Sorry your family/parents are reacting like this, they sound like mine. I mentioned us starting a family next year with the OH and my parents were insisting "but you don't own a property yet" and that we need to do things in the "correct" order.
This made me laugh as both my younger siblings had babies before getting married and one was still renting a flat (the horror!)
Well, I'm heading towards 36 and so don't have time til the property market becomes affordable- we need to just get on with it! Having a baby that is...
I've got friends/family members who are waiting to buy a bigger home before trying for baby no. 2 or 3
I can see the sensible side to this but equally, having a baby is not always that easy when you come to trying- I think you may as well just get on with it.
Sorry I am rambling...
we had five of us plus mum and dad house small 3bed semi bed 3 being boxroom.
two boys in boxroom (just!) three girls in the other bigger bedroom and mum and dad in other largish bedroom
only concession they made was put an extension on the downstairs to create more living space.
My younger two share and it's fine, lovely in fact. The majority of their friends share too. I can see them wanting their own space in years to come but I think you are a good 10 years off that!
oh, and I grew up in a 4 bed house but my sister and I shared for years, at one point in bunk beds in the smallest room! Loved it.
out of interest, are you English OP? The reason I ask is that my Glaswegian mum and all my Glaswegian relatives grew up in/live in huge 3/4 bedrooms flats in Glasgow or Edinburgh and it seems this is much more the norm up there that in England, where we are obsessed with having a house and a garden. And it's very common on the Continent, isn't it, living in flats with no garden?
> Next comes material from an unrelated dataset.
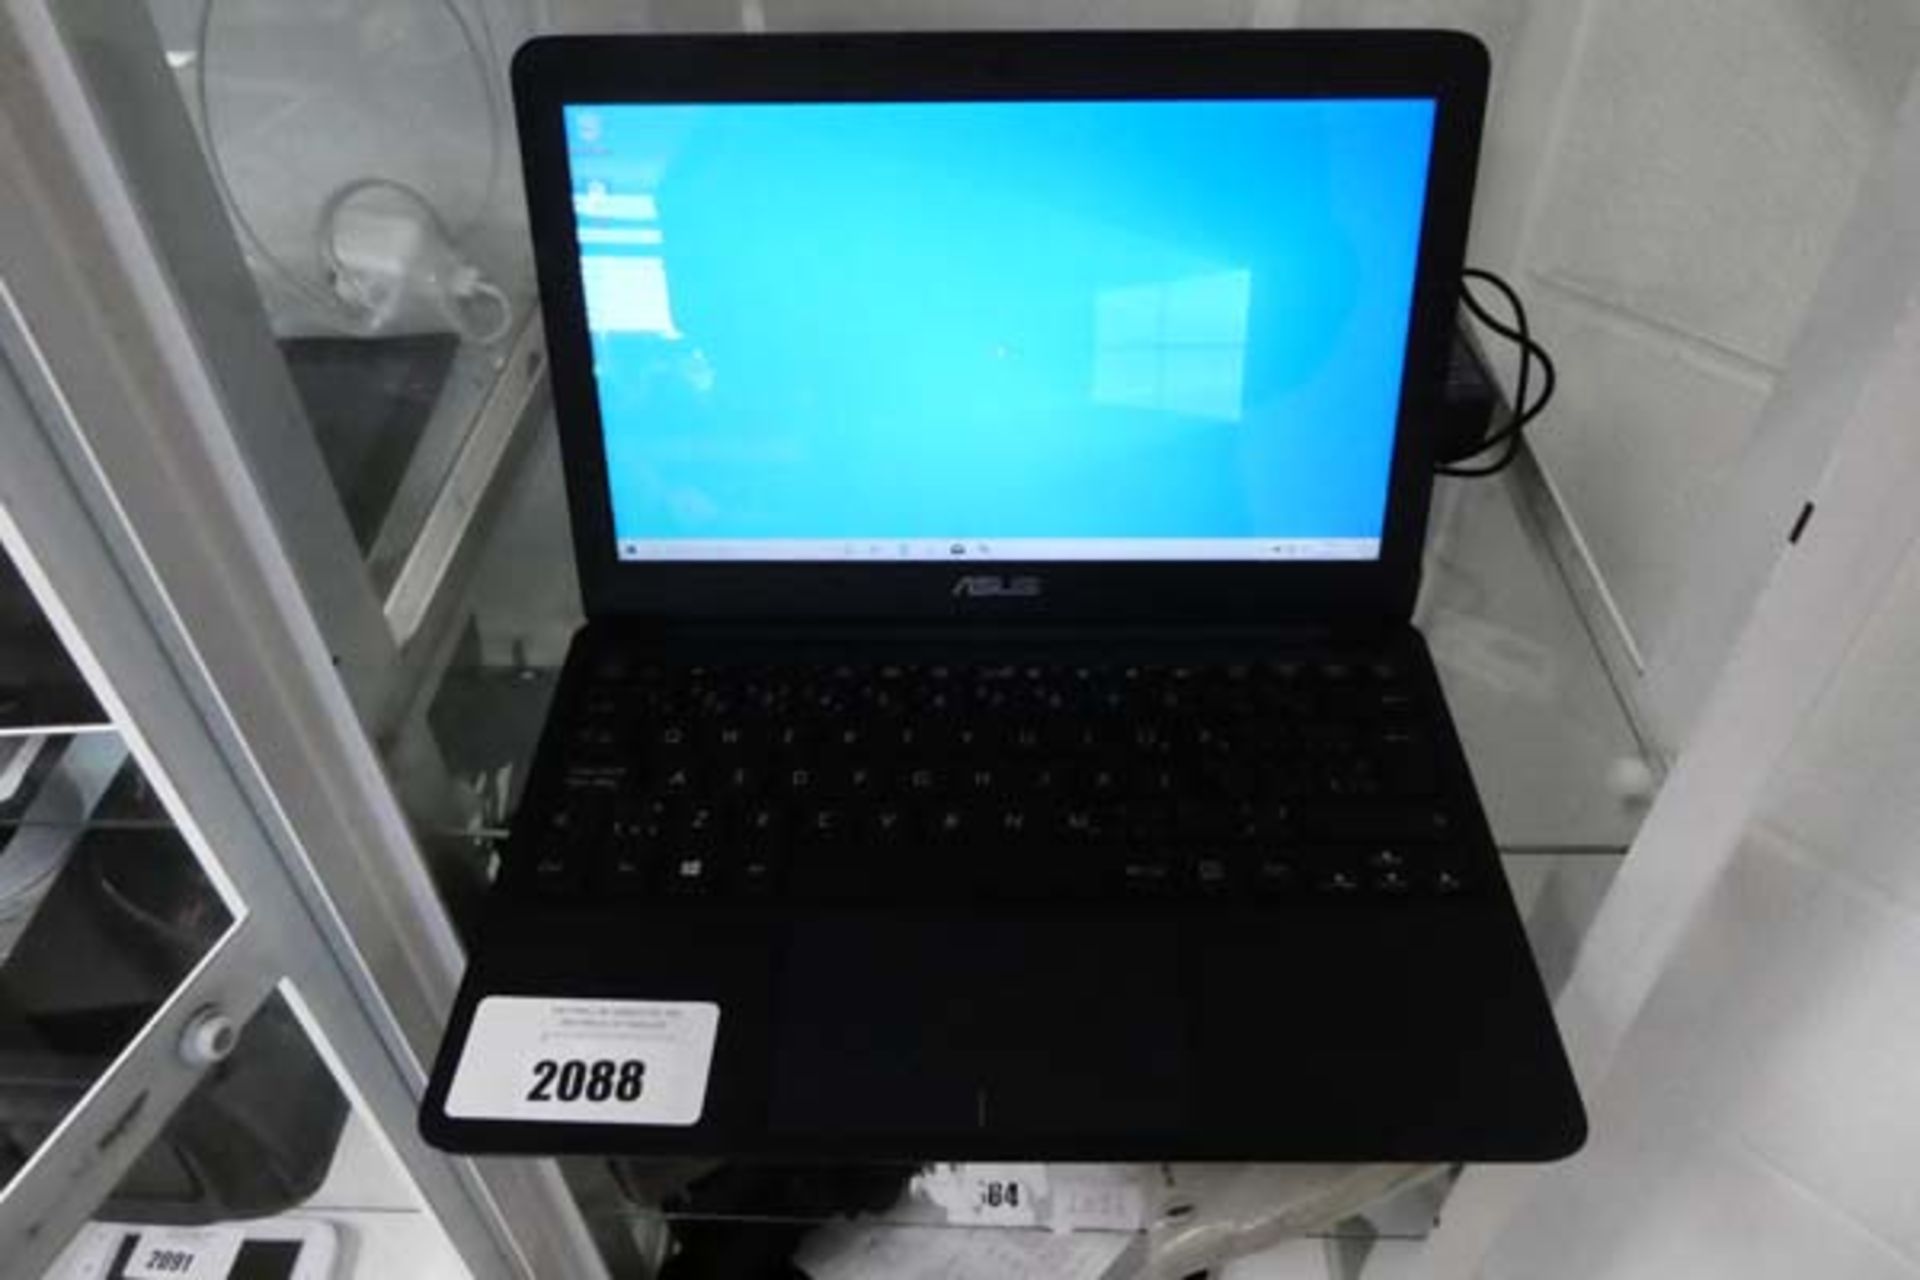 Asus X205TA Notebook, intel atom processor, 2gb ram, 32gb storage running Windows 10, includes power
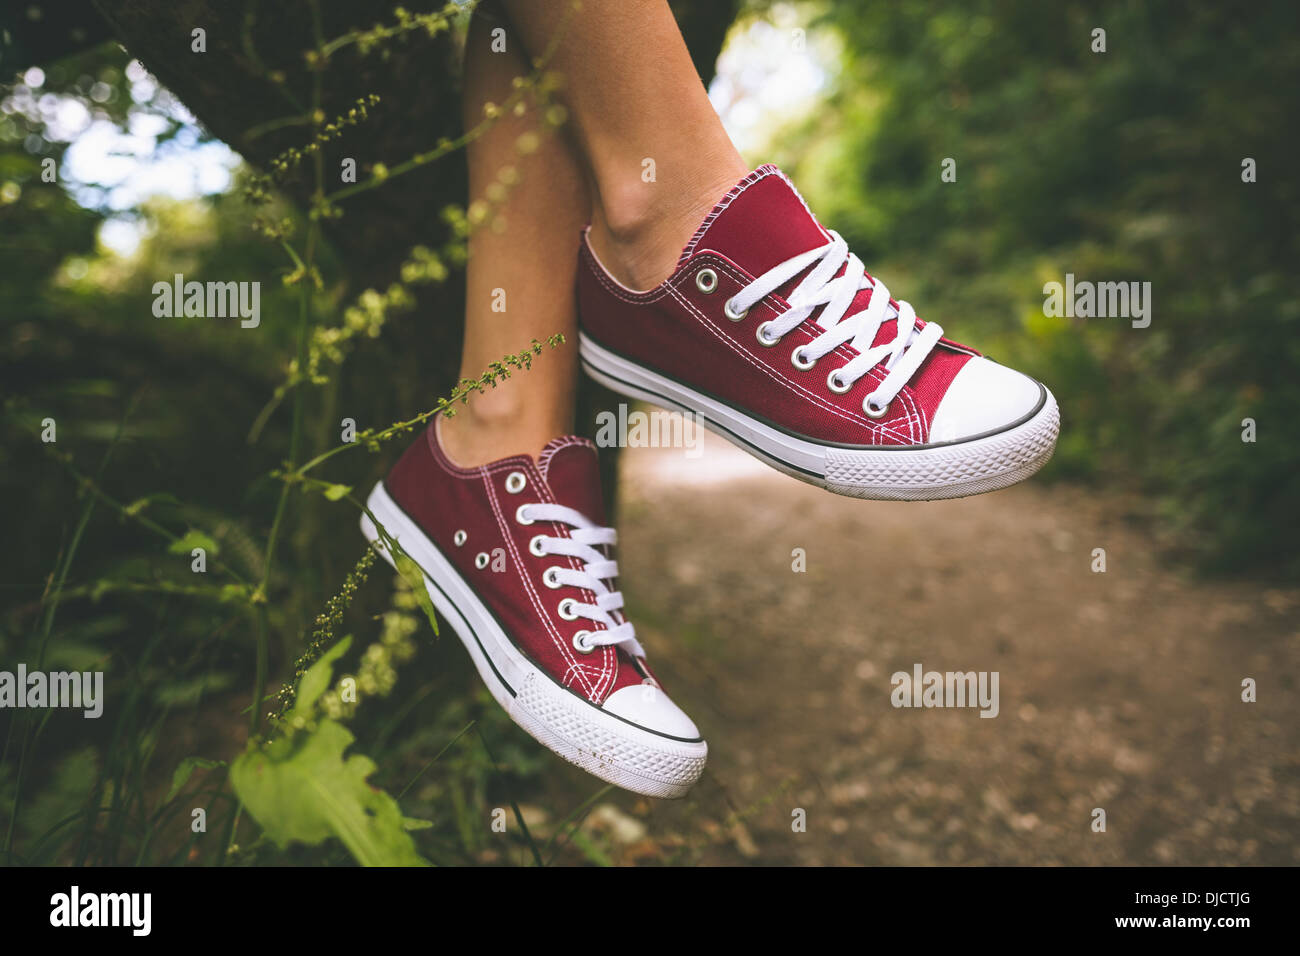 Chiusura del piede femminile di indossare scarpe da ginnastica rosse Foto Stock

Friend in Paris (English, as a matter of fact) couldn't understand why a garden was neccesary - 'that's what parks are for!')
A friend had a similar problem in that they were in a huge 2 bed flat but wanted to move to a house (girl/boy sharing, older girl age 7 getting a bit fed up of boy's bad sleeping) and found it nearly impossible to find a house with similarly proportioned rooms, or indeed more square footage.
Oh, and congratulations!
Congratulations Start praying that your second dc is the same sex as your first or everyone's head will explode!!! If its a different sex the will be all "well that's it you'll def have to move now.........." Stick to your guns op and good luck with your pregnancy. X
We live in a one bedroomed cottage and I am about to have a baby, we've also had the pressure from the out-laws to move, but why? Most babies end up sharing the parents room for at least 6 months anyway so what's the point in rushing?
Yes, we accept that by a year old we really will need to get a 2 bedded place but I'm not knocking myself out moving whilst pregnant, sod that!
We live in a 3 bed - but our 2 DDs decided to keep sharing anyhow...
We live in a similar flat by the sound of it, but one of the bedrooms isn't huge, it's pretty small (room for a bed and possibly one other thing, but that's about it)
But I have already got two larger children and have just had a baby
I'm now sharing with ds2 and 3, ds1 has his own room
It is getting difficult.
You should be fine though.
We used to use the Master as the Lounge, the Lounge as a dining rm nd the 'little' bedroom was ours. Then when dd came along we moved into thw master, lounge into the real lounge and dd into the back bedroom.
In essence, we could swap rooms, once they start wating sleepovers etx, and the room.is big enough to split into two large rooms if needed.